Workshop 3: FEM for a jacket wind turbine

IMPORTANT: Download the required external functions and put them in the same folder as this notebook
rdeke/ComModHOS_double

In this tutorial we will use the FEM to solve a simplified jacket wind turbine. We assume that the structure can be modelled as a space frame with structural elements that are subject to axial discplacement and bending.
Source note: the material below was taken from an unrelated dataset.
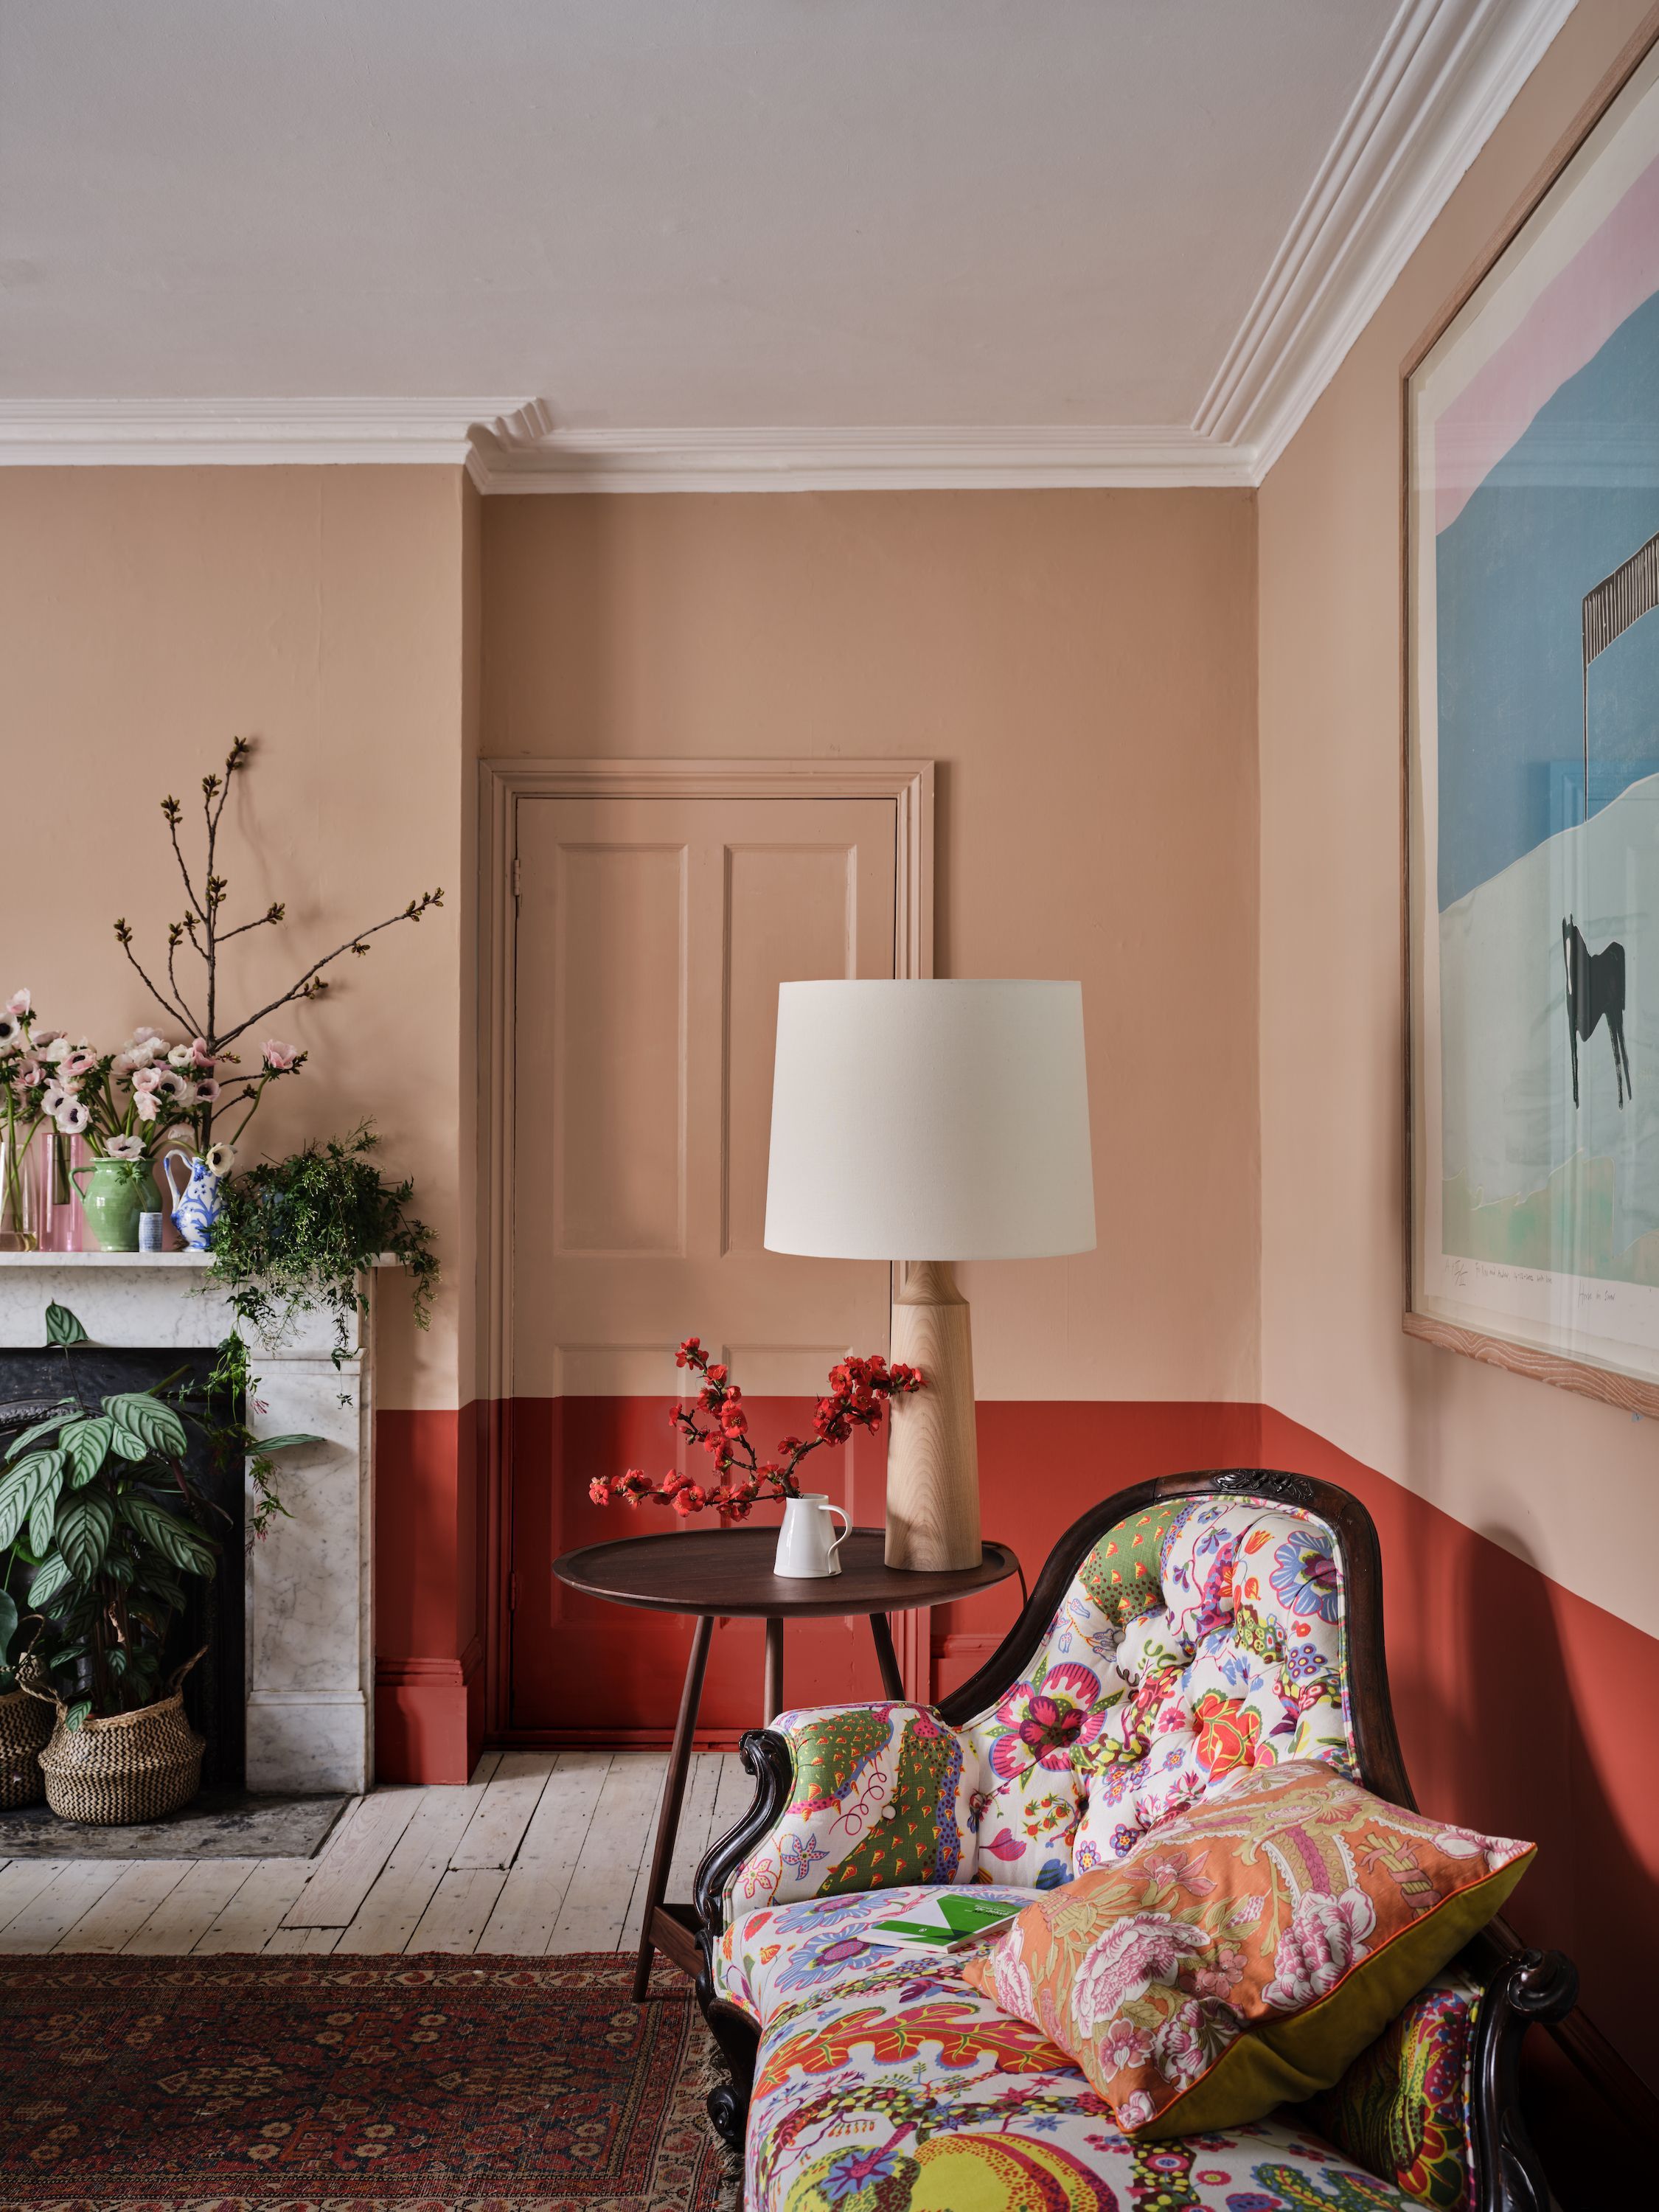 Farrow and Ball Colours In Real Homes: 17 Photos For Inspiration

Therefore, the equations of motion at a given element are given by:

\[ \rho A \frac{\partial^2 u (x,t)}{\partial t^2} - E A \frac{\partial^2 u(x,t)}{\partial x^2} = q_u(x) \]
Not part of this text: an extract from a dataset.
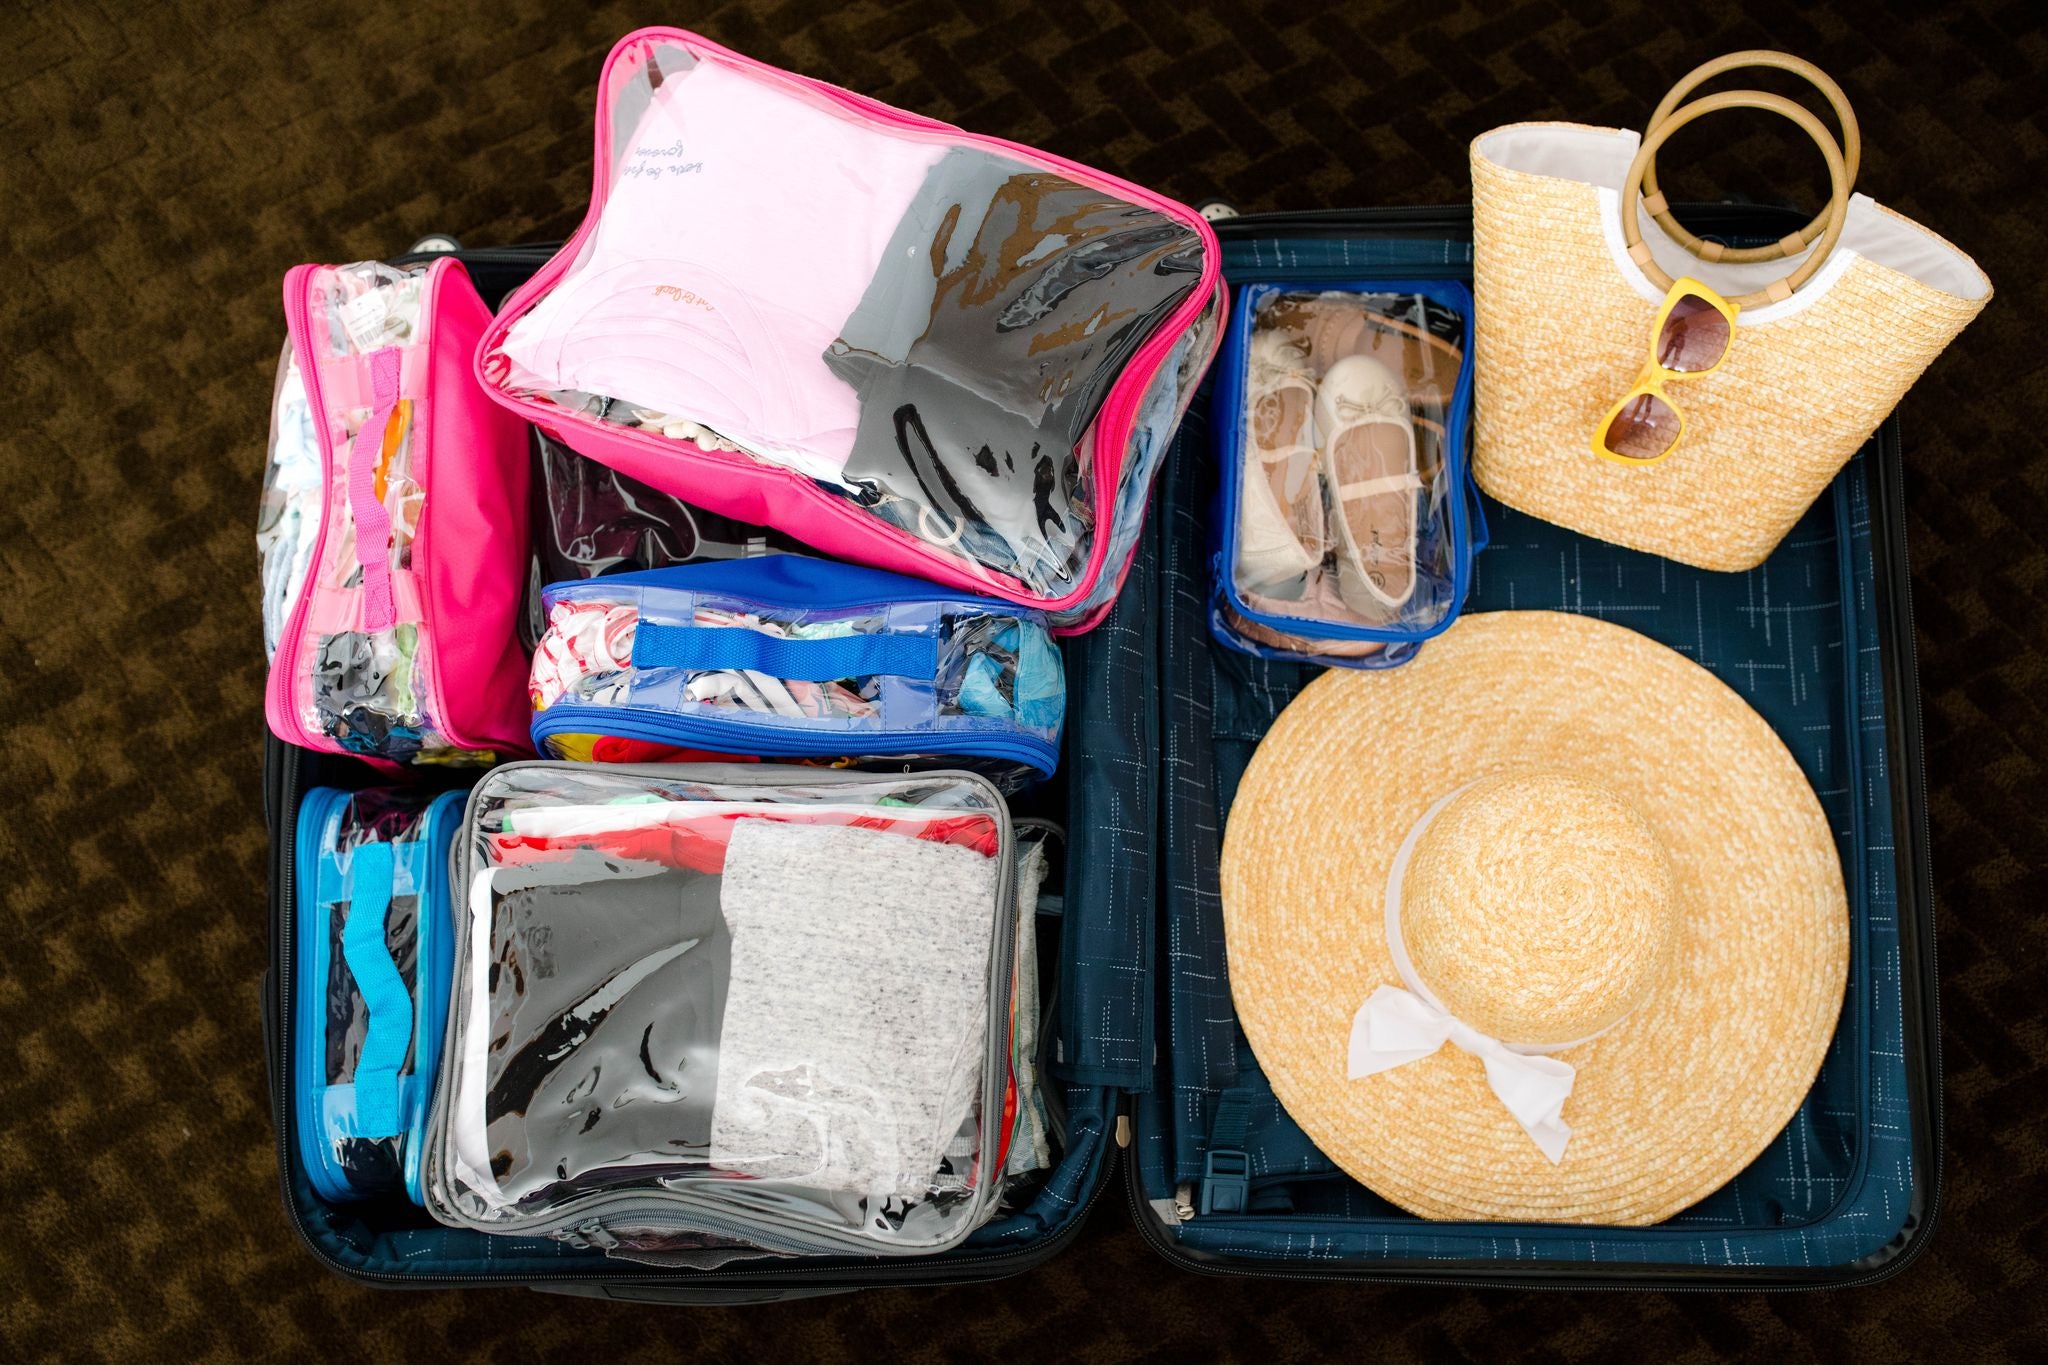 Suitcase organized with clear packing cubes

\[ \rho A \frac{\partial^2 v (x,t)}{\partial t^2} + E I \frac{\partial^4 v(x,t)}{\partial x^4} = q_v(x) \]

The structure is schematically shown here:

Let’s start by initializing the script and setting some parameters:

import numpy as np
import matplotlib.pyplot as plt
import scipy.integrate as scp

# Input parameters
# Nacelle
Mass_Nacelle = 5000             # [kg]

# Pile
m_Pile = 1000                   # [kg/m]
EI_Pile = 1e9                   # [N.m2]
EA_Pile = 1e8                   # [N]
H_Pile = 100                    # [m]

# Jacket
m_Jacket = 100                  # [kg/m]
EI_Jacket = 1e7                 # [N.m2]
EA_Jacket = 1e6                 # [N]
H_Jacket = 70                   # [m]
Base_Jacket = 30.23             # [m]
Top_Jacket = 16.13              # [m]

# Define load parameters
f0 = 2                          # [Hz]
A0 = 0.1                        # [m]
T0 = 20                         # [s]

# Define output time vector
dt = 0.01                       # [s]
T = np.arange(0, 5*T0, dt)
nT = len(T)

Step 1: discretize the domain

As usual, we start by discretizing the domain. We will discretize the structure using 21 nodes.
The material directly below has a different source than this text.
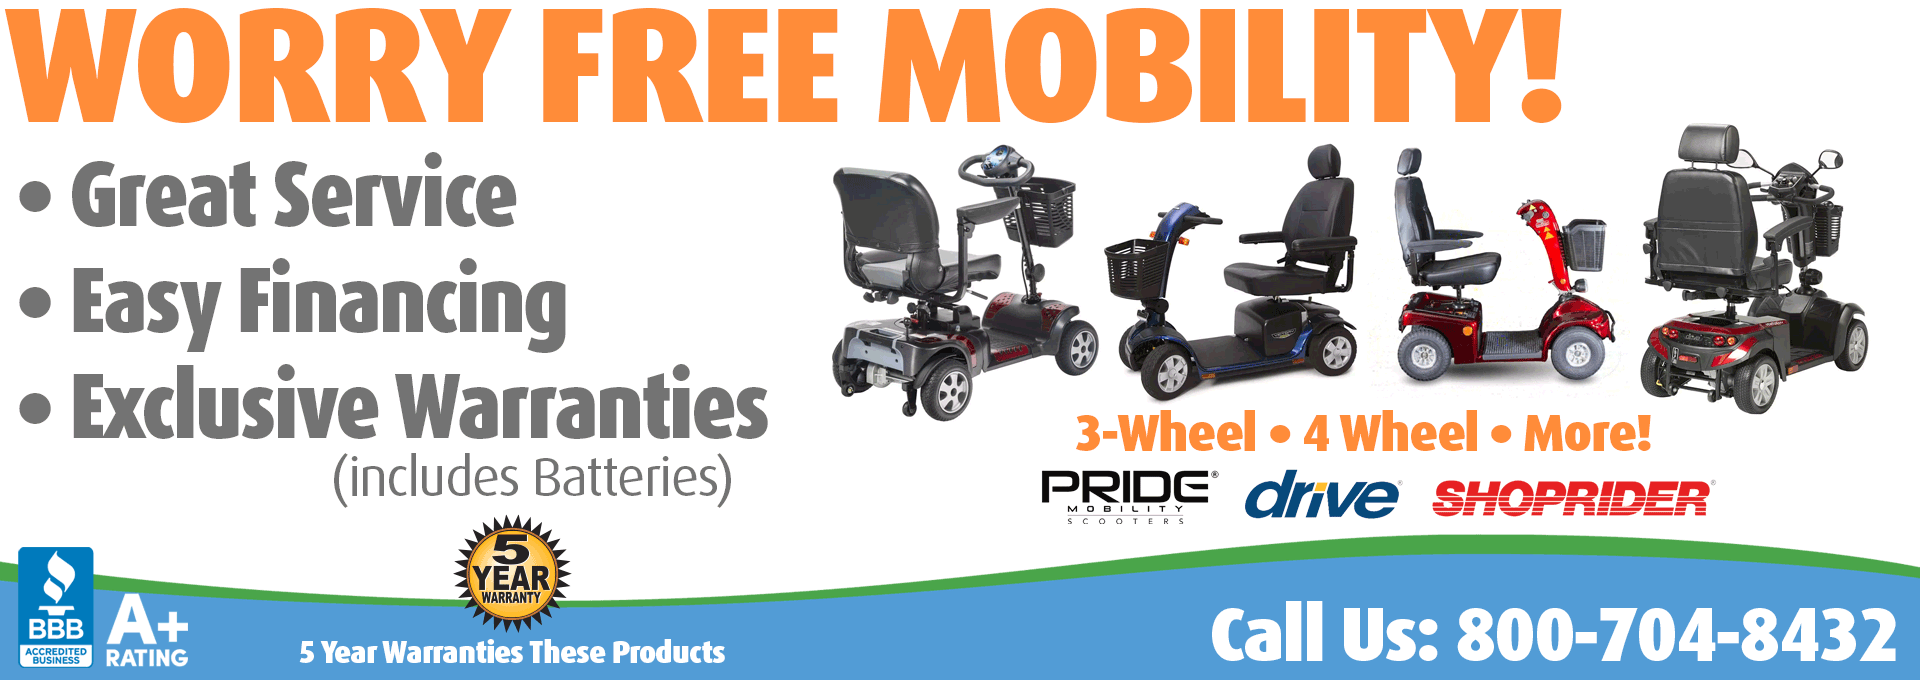 Living Well Stores: Standard Sized Mobility Scooters with "Worry Free" Warranties featuring Drive Medical, Pride Mobility, Shoprider and More.

Here we first define a matrix with the nodal coordinates.

# Define node coordinates
NodeCoord = ([-(Base_Jacket*4+Top_Jacket*0)/4/2,      -4*H_Jacket/4],  # Point 1
              [(Base_Jacket*4+Top_Jacket*0)/4/2,      -4*H_Jacket/4],  # Point 2
             [-(Base_Jacket*3+Top_Jacket*1)/4/2,      -3*H_Jacket/4],  # Point 3
              [(Base_Jacket*3+Top_Jacket*1)/4/2,      -3*H_Jacket/4],  # Point 4
             [-(Base_Jacket*2+Top_Jacket*2)/4/2,      -2*H_Jacket/4],  # Point 5
              [(Base_Jacket*2+Top_Jacket*2)/4/2,      -2*H_Jacket/4],  # Point 6
             [-(Base_Jacket*1+Top_Jacket*3)/4/2,      -1*H_Jacket/4],  # Point 7
              [(Base_Jacket*1+Top_Jacket*3)/4/2,      -1*H_Jacket/4],  # Point 8
             [-(Base_Jacket*0+Top_Jacket*4)/4/2,       0*H_Jacket/4],  # Point 9
                                             [0,       0*H_Jacket/4],  # Point 10
              [(Base_Jacket*0+Top_Jacket*4)/4/2,       0*H_Jacket/4],  # Point 11
                                             [0,                 10],  # Point 12
                                             [0,                 20],  # Point 13
                                             [0,                 30],  # Point 14
                                             [0,                 40],  # Point 15
                                             [0,                 50],  # Point 16
                                             [0,                 60],  # Point 17
                                             [0,                 70],  # Point 18
                                             [0,                 80],  # Point 19
                                             [0,                 90],  # Point 20
                                             [0,                100])  # Point 21
nNode = len(NodeCoord)

Once we have the node coordinates we proceed to define the elemental connectivities. Here, we will use the same array to assign the material properties to each element. Note that they are different depending on which part of the structure they belong to.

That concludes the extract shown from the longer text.